SOURCE MATERIAL:
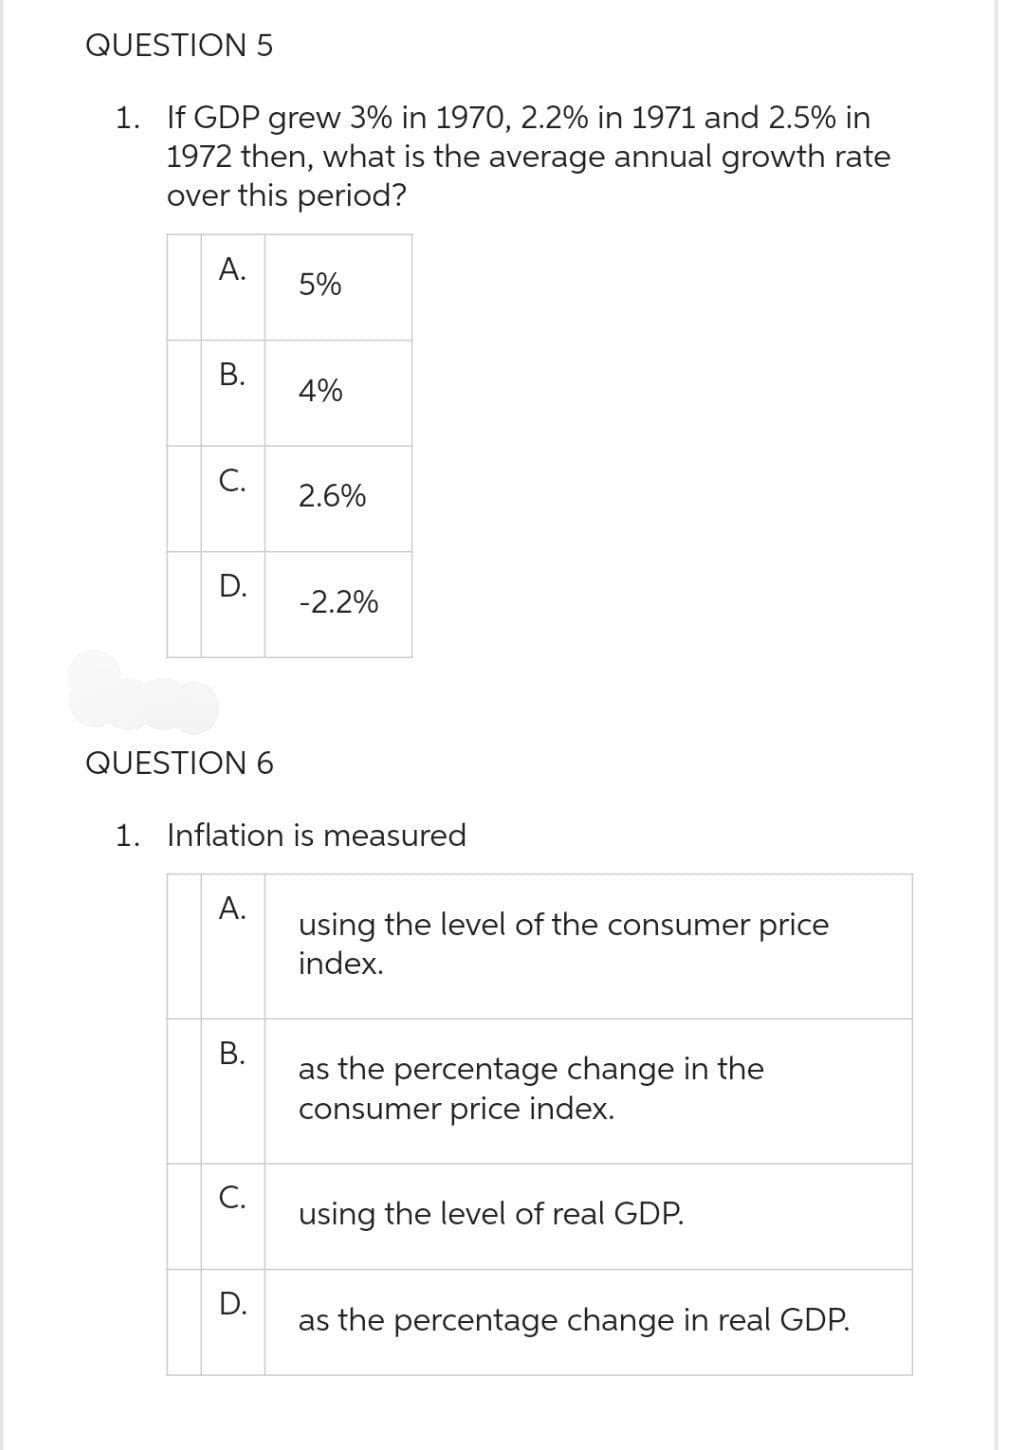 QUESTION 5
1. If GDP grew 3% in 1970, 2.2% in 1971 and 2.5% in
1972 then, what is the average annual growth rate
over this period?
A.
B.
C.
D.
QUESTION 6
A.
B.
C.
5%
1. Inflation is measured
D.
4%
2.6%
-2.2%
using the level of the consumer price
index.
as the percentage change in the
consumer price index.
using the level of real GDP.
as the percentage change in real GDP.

--

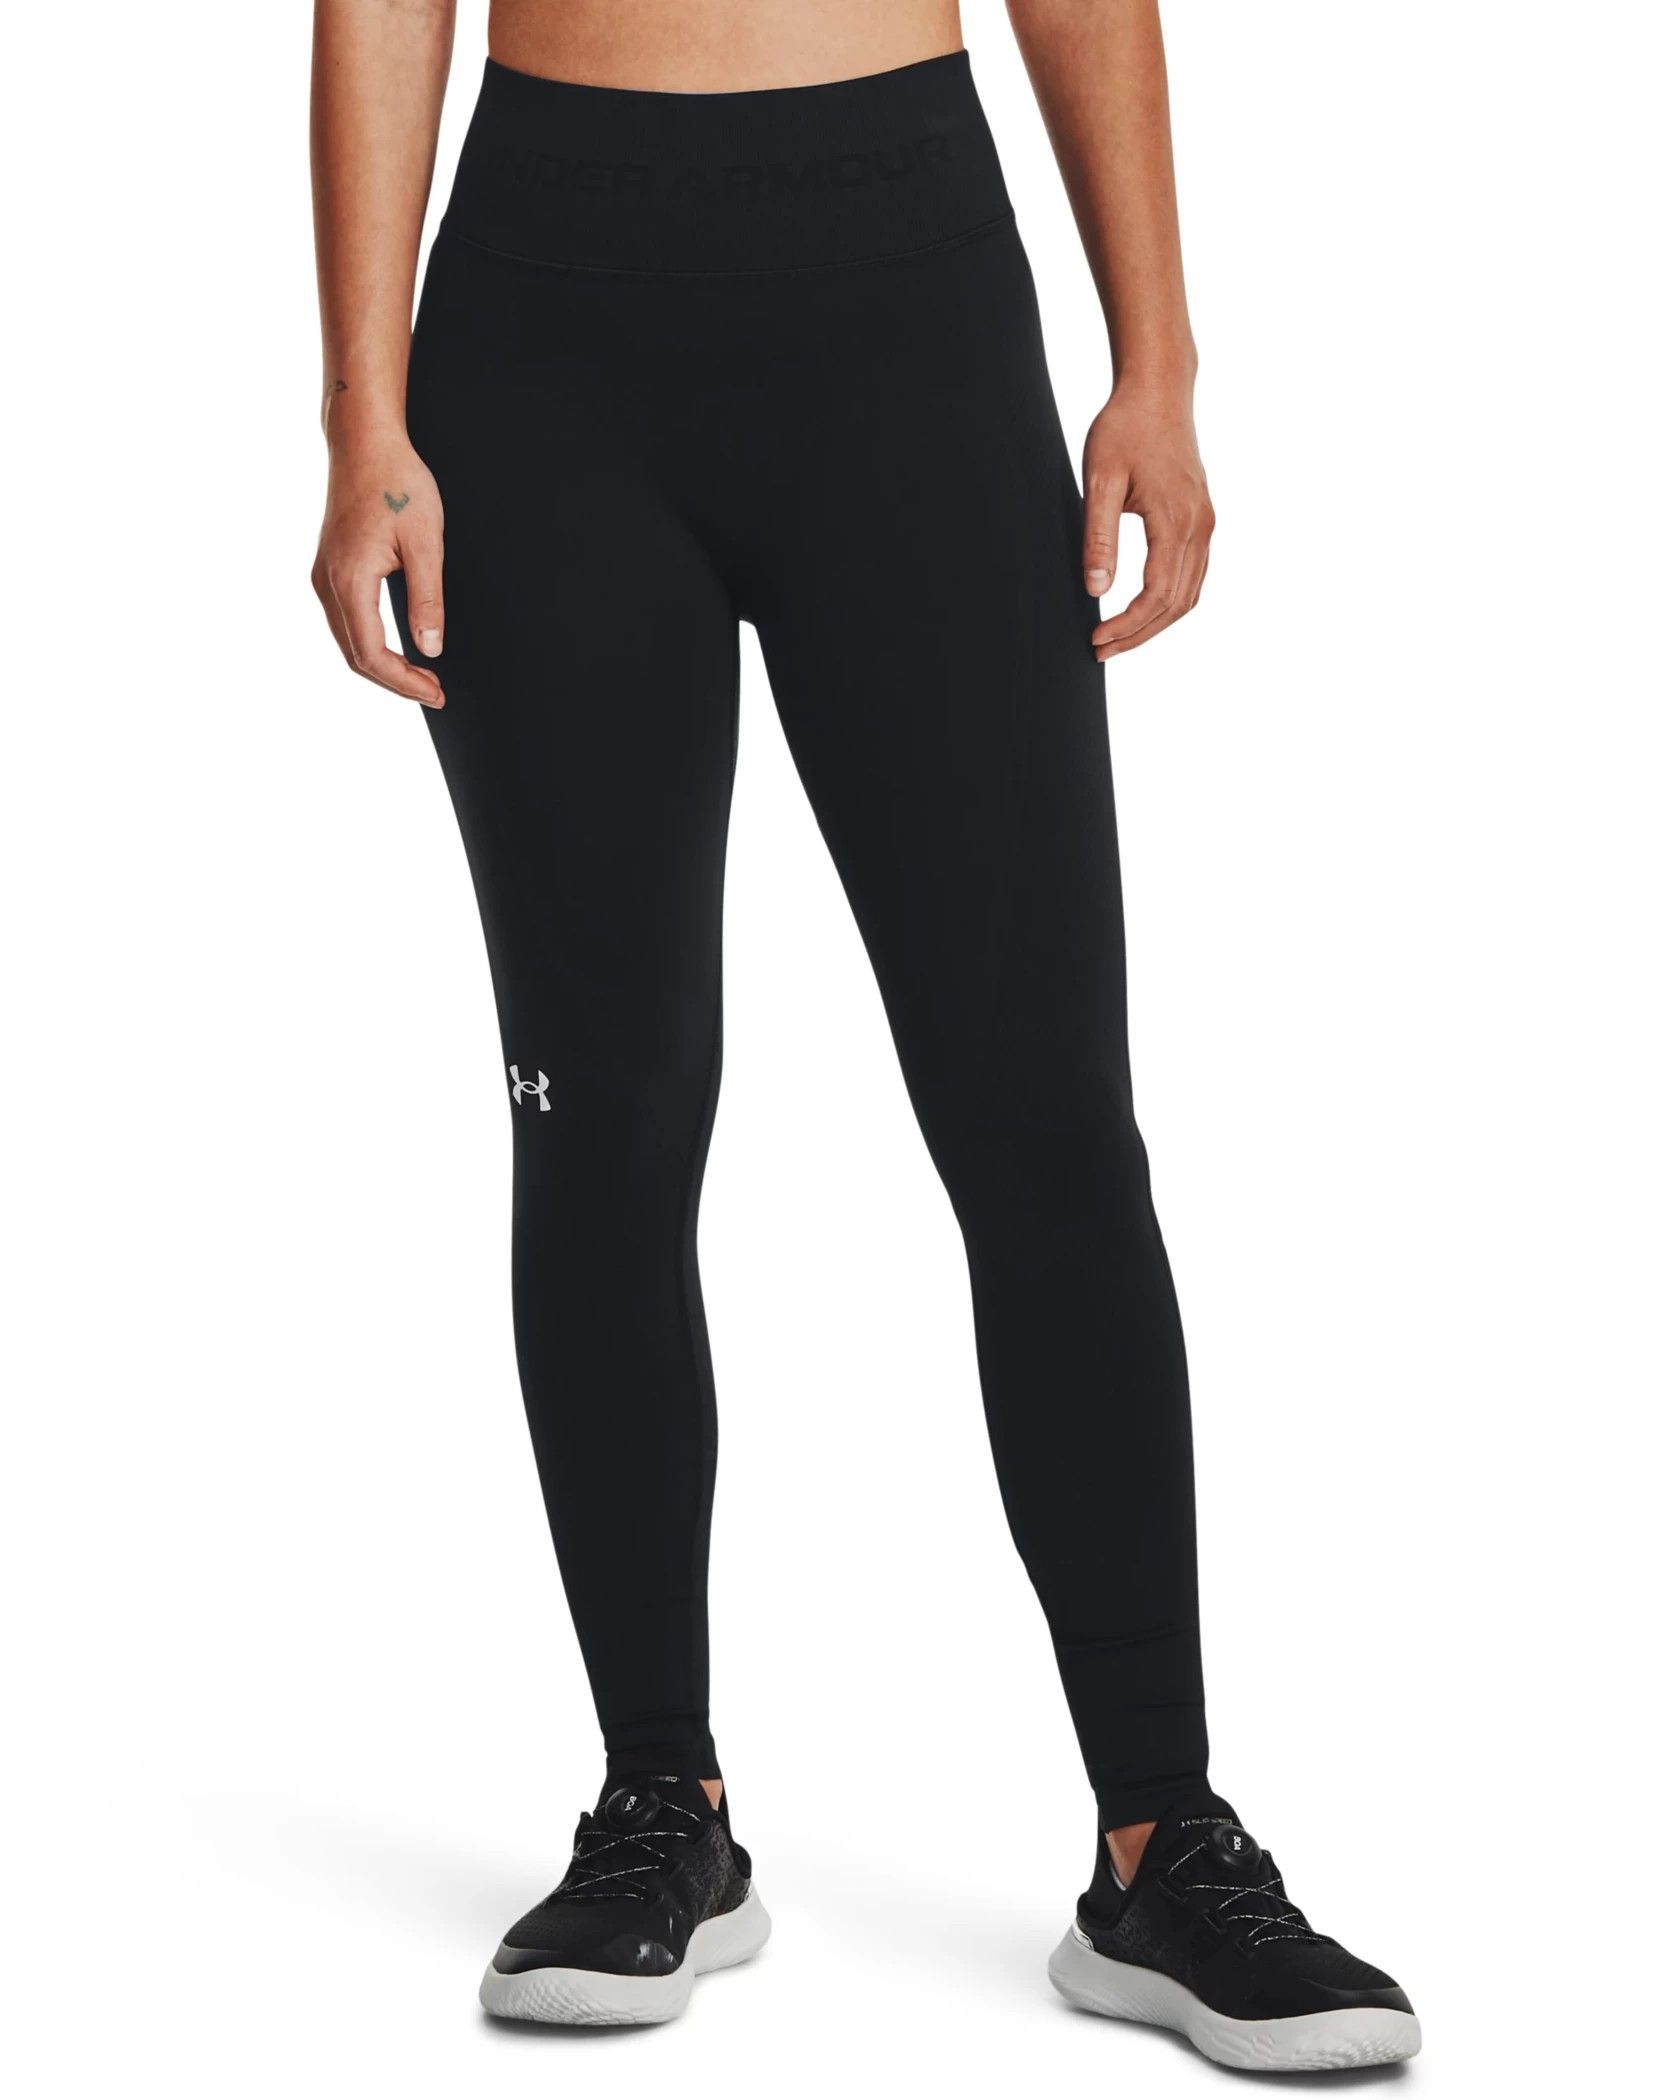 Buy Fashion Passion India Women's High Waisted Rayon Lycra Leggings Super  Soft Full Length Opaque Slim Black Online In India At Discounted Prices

ASSIGNED TASK: Of all the lines in the data above, show only those that hold the word "level".

FINAL ANSWER:
using the level of the consumer price
using the level of real GDP.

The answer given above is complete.